Today’s ever-expanding pool of account based marketing (ABM) vendors adds complexity to the selection process for marketers. Some vendors have expertise in a select few ABM use cases, but more are trying to address the entire ABM stack. Another dimension to this issue is that more marketers are bringing their ABM functions in-house. The move toward a full ABM stack would appear to make marketers’ lives simpler and more cost effective. Is there a “right” decision? Let’s explore our options.
Make my life easier – I want all my ABM activities in one place!
For many marketers, this is the ideal choice – but they may lack the expertise to fully vet vendors in each part of the ABM diagram depicted in Figure 1. What makes for good account selection? How can I find companies that don’t sit in my CRM? What makes for a decent media-buying platform? What is the best Marketing Automation Platform (MAP) out there? Moving to a single stack helps simplify the parameters for making these decisions.
Figure 1: All Account Based Marketing activities across segmentation, activation, and measurement.
Truth – A Benefit of the Single Stack
Without a fully consolidated stack, what becomes the single source of truth? Then, how do I tie different parts of my ABM system to that single source of truth? Consolidation creates an opportunity to create a single picture for a marketer’s ABM activities, without the pain of logging into various platforms, the burden of reconciling data, or the need for reporting between different platforms.
In theory at least, going to a single ABM stack allows for full ABM planning and orchestration in one place. It also allows different marketing teams to communicate and coordinate their strategies, as they will all be looking at a single playbook.
That’s Great. So Why Wouldn’t I Consolidate All My ABM Activities in One Stack?
The move to a single stack may not be the cure for all marketers’ ills. One reason is that the ABM stacks may be a jack-of-all-trades, master-of-none situation, and usually there are going to be some weak spots. Is a marketer willing to live with those weaknesses? Marketers prefer a mix of different vendors that are the best-in-class in their fields. Interoperability and ease of use are key in this scenario.
It’s also very difficult to find an ABM stack that doesn’t tout their AI or machine learning capabilities. Does the marketer want to put full trust into the AI of a particular marketing stack? What if the marketer wants to use its own algorithm to determine which account is their ideal target, or has a data science/analytics team that has already built robust systems? Flexibility is key in this scenario.

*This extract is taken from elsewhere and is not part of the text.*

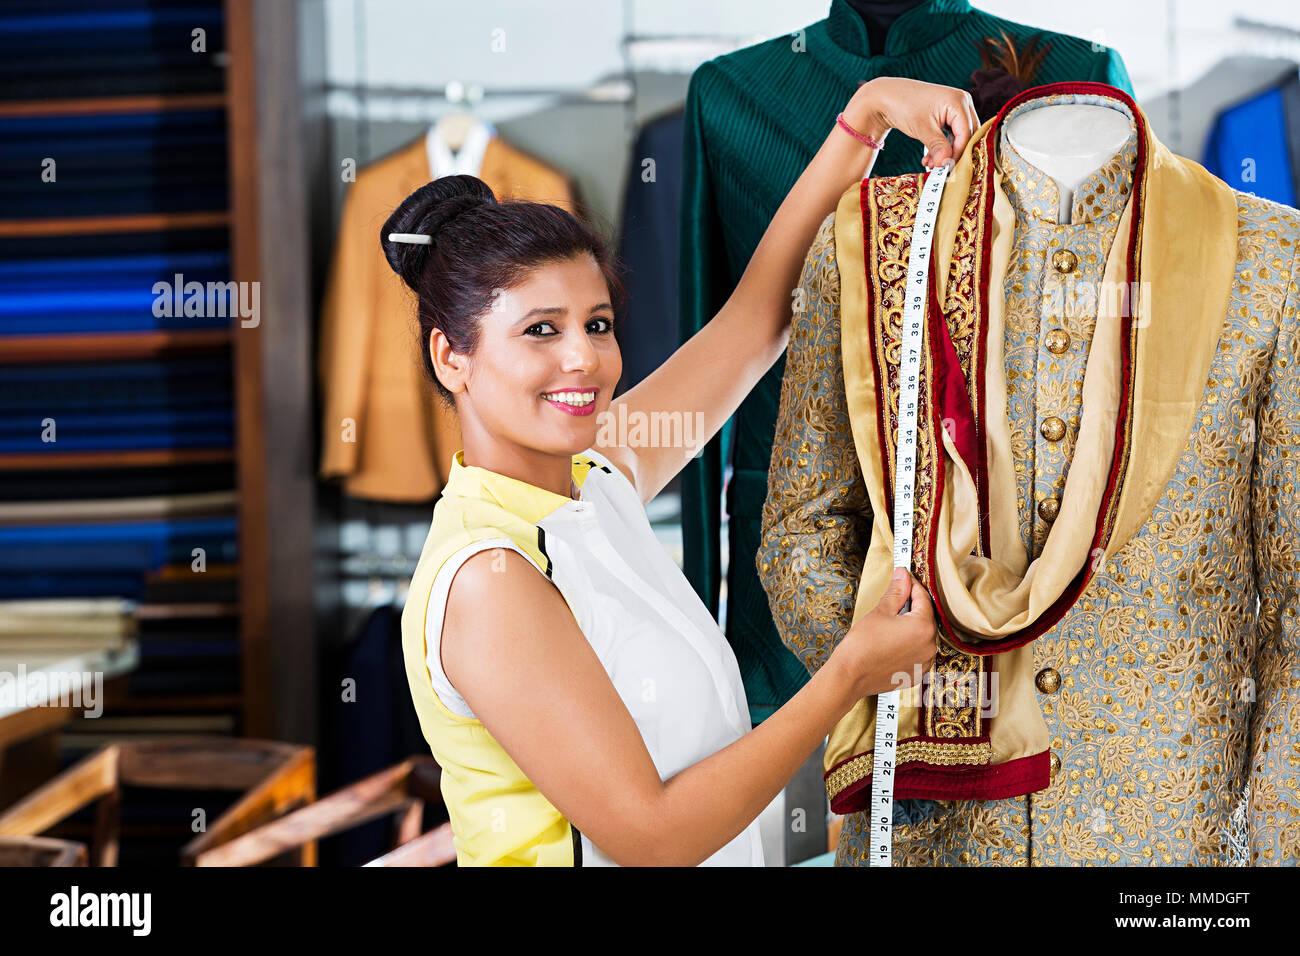 One Boutique Female Tailor Dress Designer Tape Measuring Sherwani Clothe Shop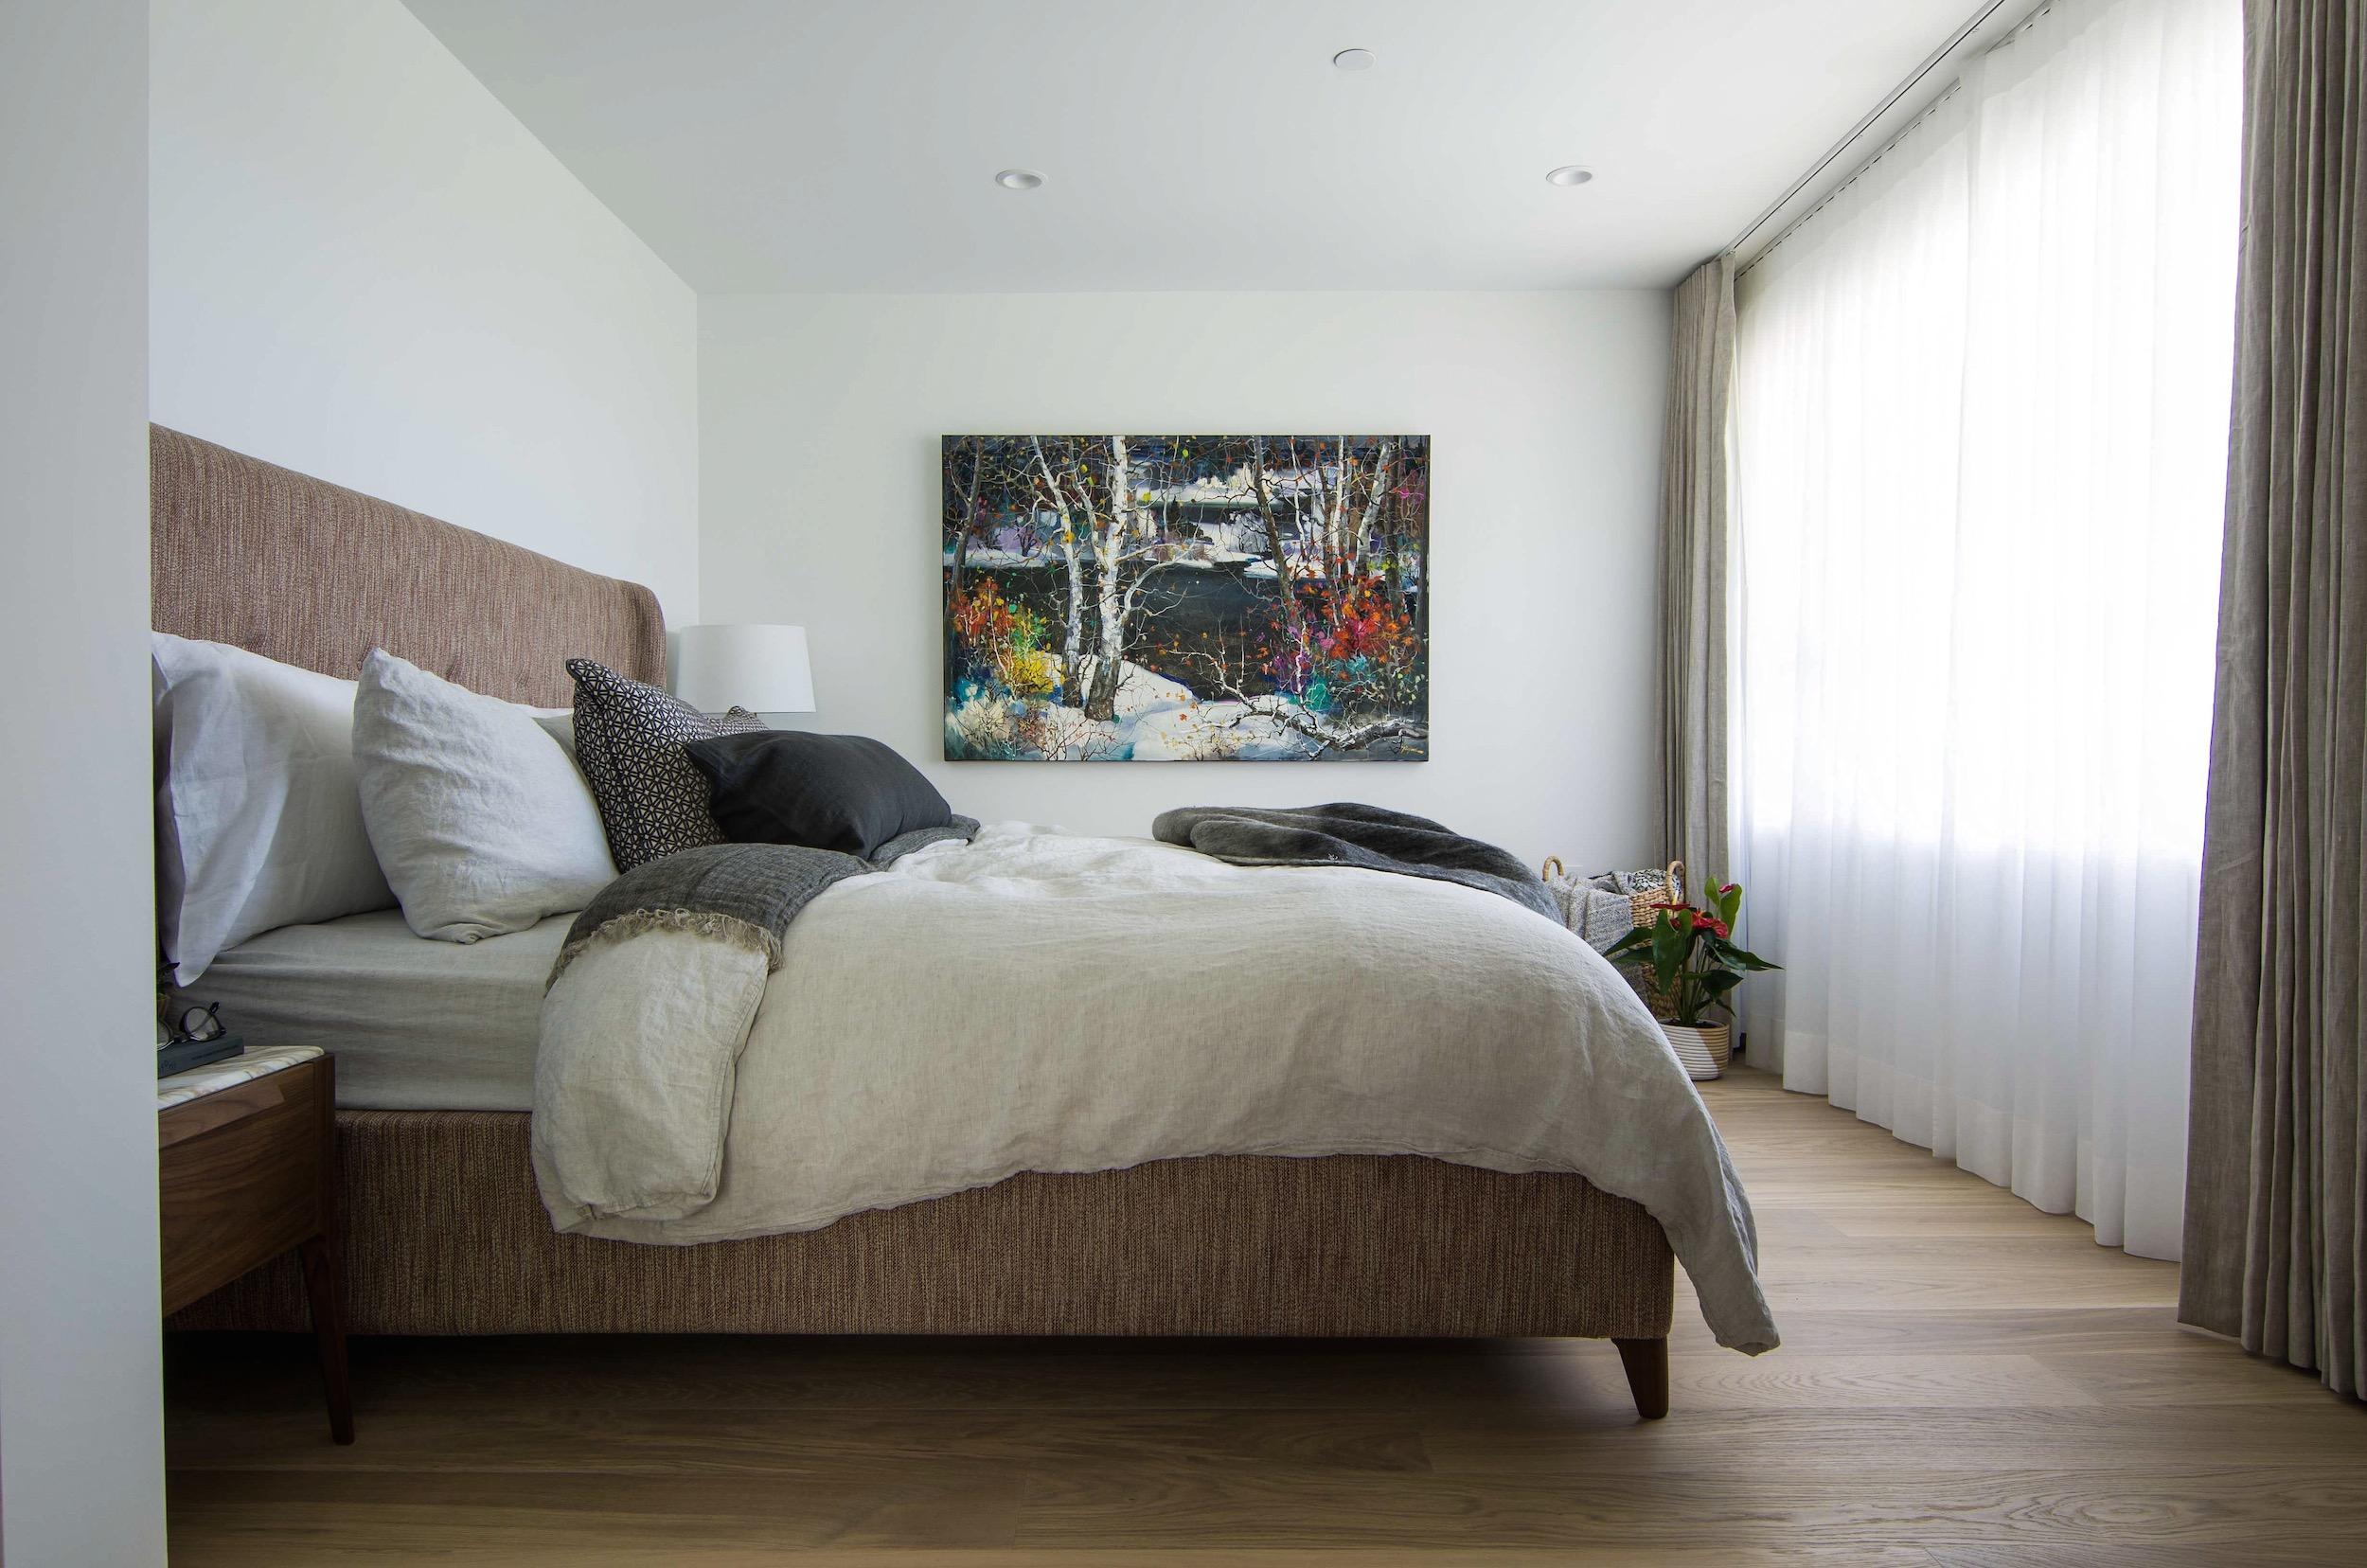 KRC_Spyglass_Master_Bedroom_Custom_Bed.JPG.JPG

The costs of a stack may also not be fully transparent. Without this transparency, the marketer will not be able to know where potential cost savings are. As an example, demand-side platforms (DSPs) in the past were able to get away with opaque pricing strategies, where there was some unknown markup to the cost of media and data. Many marketers have demanded transparency on media-buying costs, which has resulted in cost savings and increased ROI.
So, What Should I Do?
Like many other questions, this is not one that can be answered by an ABM vendor. Marketers are going to know what is best for their company or team. It could also depend on where that company is in the ABM maturity life cycle – a full-stack vendor might make more sense at the start, but the company may later feel ready to graduate and eventually take the training wheels off. What a marketer should do is work with a vendor that can provide either a full-stack option or the non-full-stack option. That will help the marketer evolve over time, allowing a move toward or away from a consolidated stack as needs dictate. To paraphrase an adage, no marketing platform decision lasts forever.
Figure 2: How Account Based Marketing platforms must evolve to support the ever-evolving needs of marketers.
ABM – An Evolution
To summarize, digital marketing and ABM are gaining momentum as marketing teams adapt to the new economy. Dun & Bradstreet believes the future of ABM needs to support how marketing teams are rapidly evolving, as depicted in Figure 2. ABM will be more for the masses. Breaking through current limitations, ABM 2.0 will need to work the way marketers work by bringing flexibility, interoperability, and an “open approach” to accommodate ever-evolving technology stacks.